I spend a lot of time around the 3 teaching pros who work out of our Killian Greens club. They have different styles of teaching, but one thing they agree upon is, the way to improve is through lessons.

Look through the pages of any golf magazine these days and a lot of what you will see are clubs that supposedly make it easier to hit the ball better by making some adjustment with the club.

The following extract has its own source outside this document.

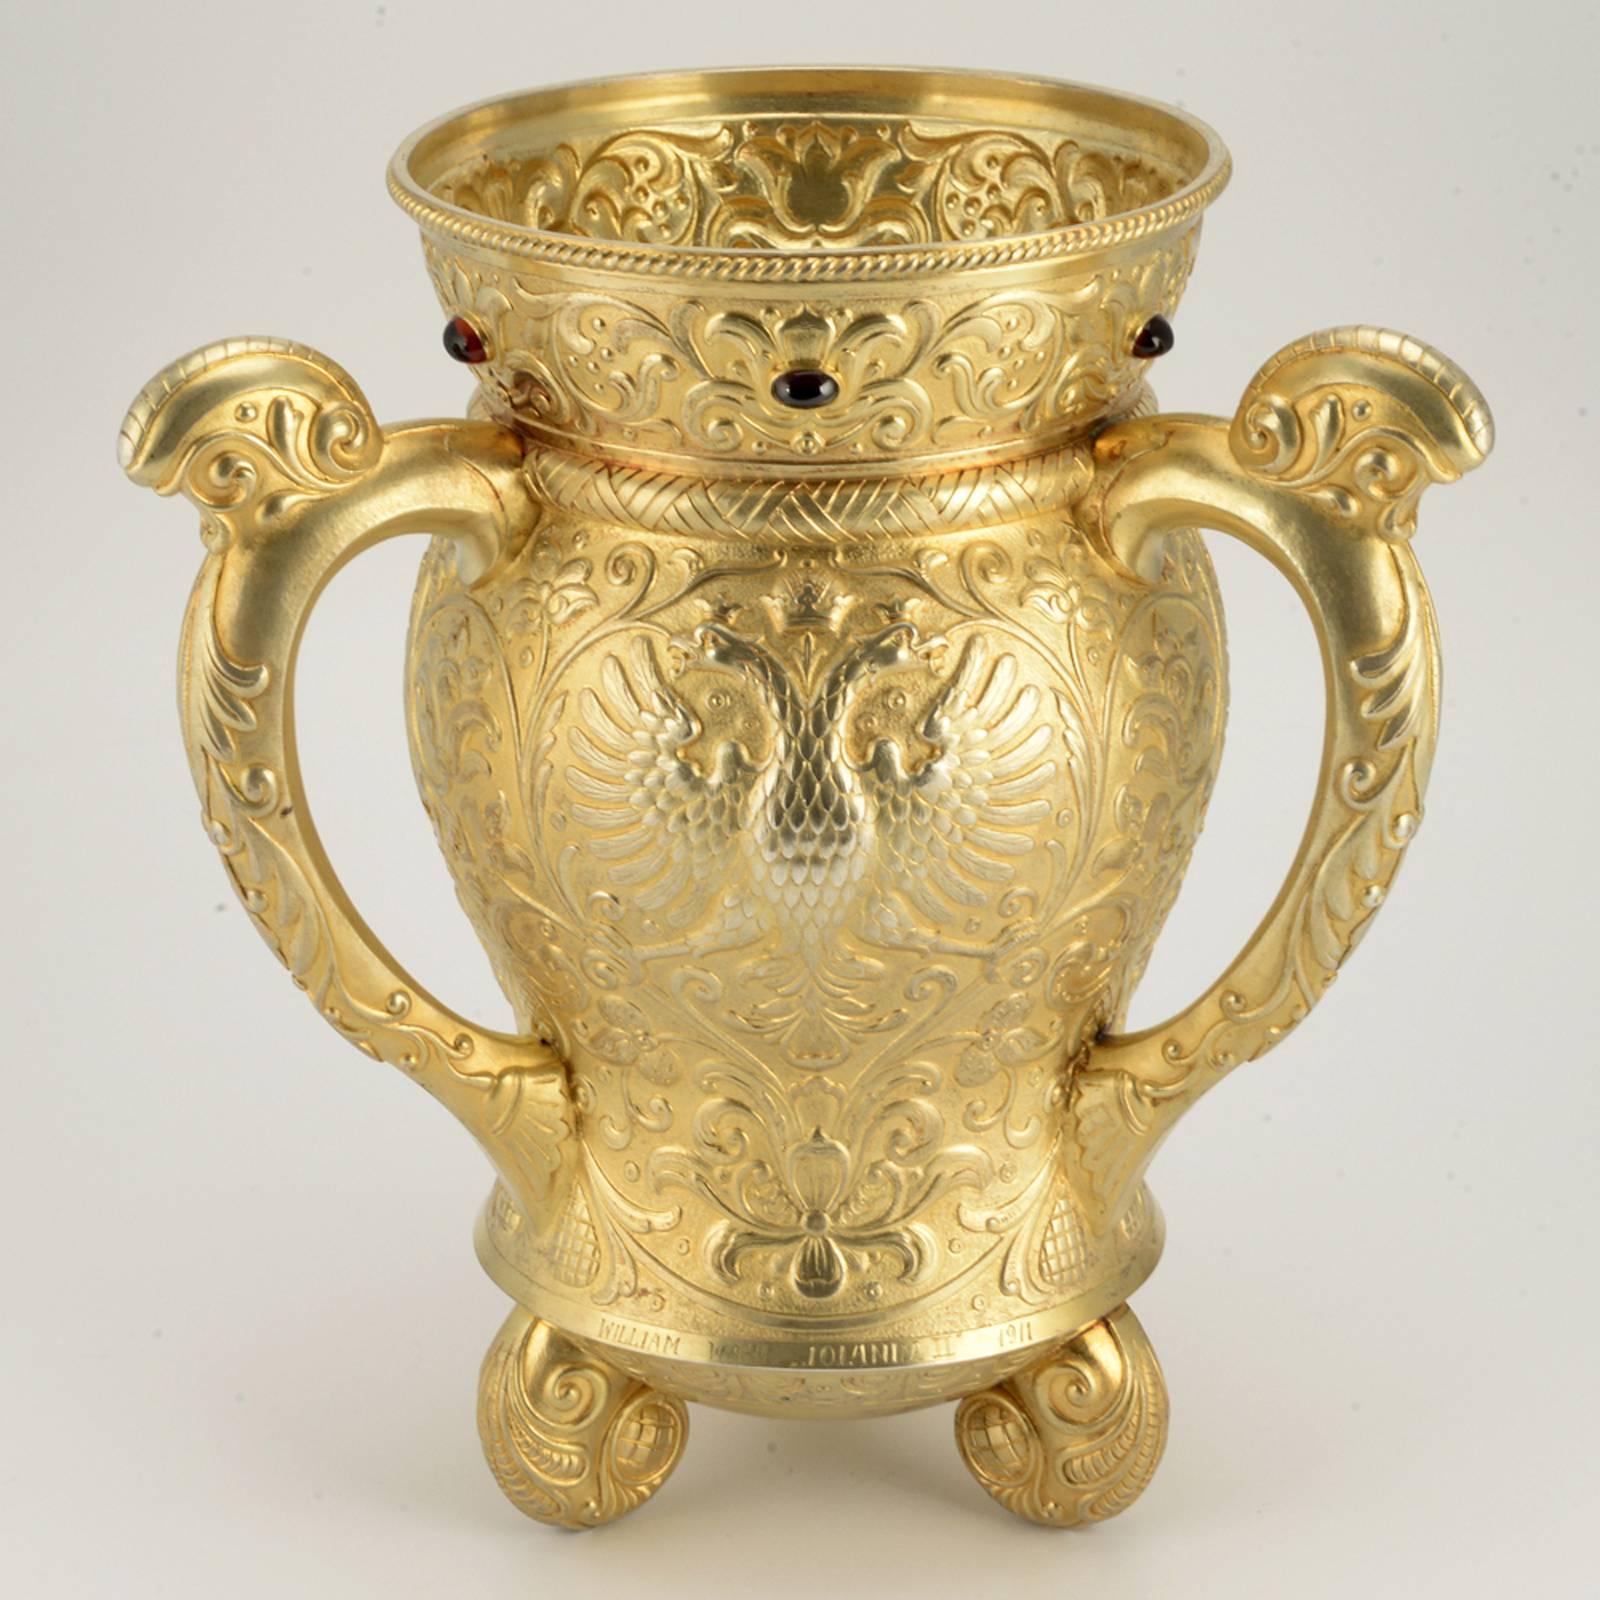 A Russian gem-set gilded silver three-handled loving cup yachting trophy, Ovchinnikov, Moscow, 1908-1911. The body of baluster form with flaring neck, chased and repoussé with three double-headed Imperial eagles within chased Usolk-style floral and

The reality is, before the club in the list of things that help you improve comes: 1) Lessons and 2) Practice...


----------



## game-inglove (Jun 21, 2014)

*Don't try and hit it straight*

That article covers the fundamentals of golf, stance, takeaway, L to L etc while at the same time discuses trying to hit the ball straight. I would advocate that if you try and hit the ball straight you are likely to hit a slice, since golf is an offline sport not an online sport. That means that you stand to the side of the golf ball and not directly behind it; like basketball for example. In basketball you throw the ball along the intended line but since golf is an offline sport you do not try and launch the ball down the target line more swing in-to-in along an arc with the bottom of that arc being slightly ahead of the golf ball at impact. Imagine a soccer player kicking a soccer ball and how the leg works to impart left to right spin on the ball in order to bend the ball into the net. It's the same principle in golf.


----------



## Edgar Smith (Jun 9, 2014)

Yeah I understand that, it is certainly very difficult to play a straight shot.


----------



## 373 (Jun 9, 2006)

The only player I've ever heard say he wants to hit a straight shot is Jason Dufner. It's not that he wants to play it in competition, but that he wants to be able to hit the ball as straight as possible to use the feel of that swing as a baseline. From the feel of that straight shot, he manipulates himself to hit the ball high or low, draw or fade. He and his coach, Chuck Cook, were discussing the Trackman device and how Jason used it. The converswation was part of the ad.


----------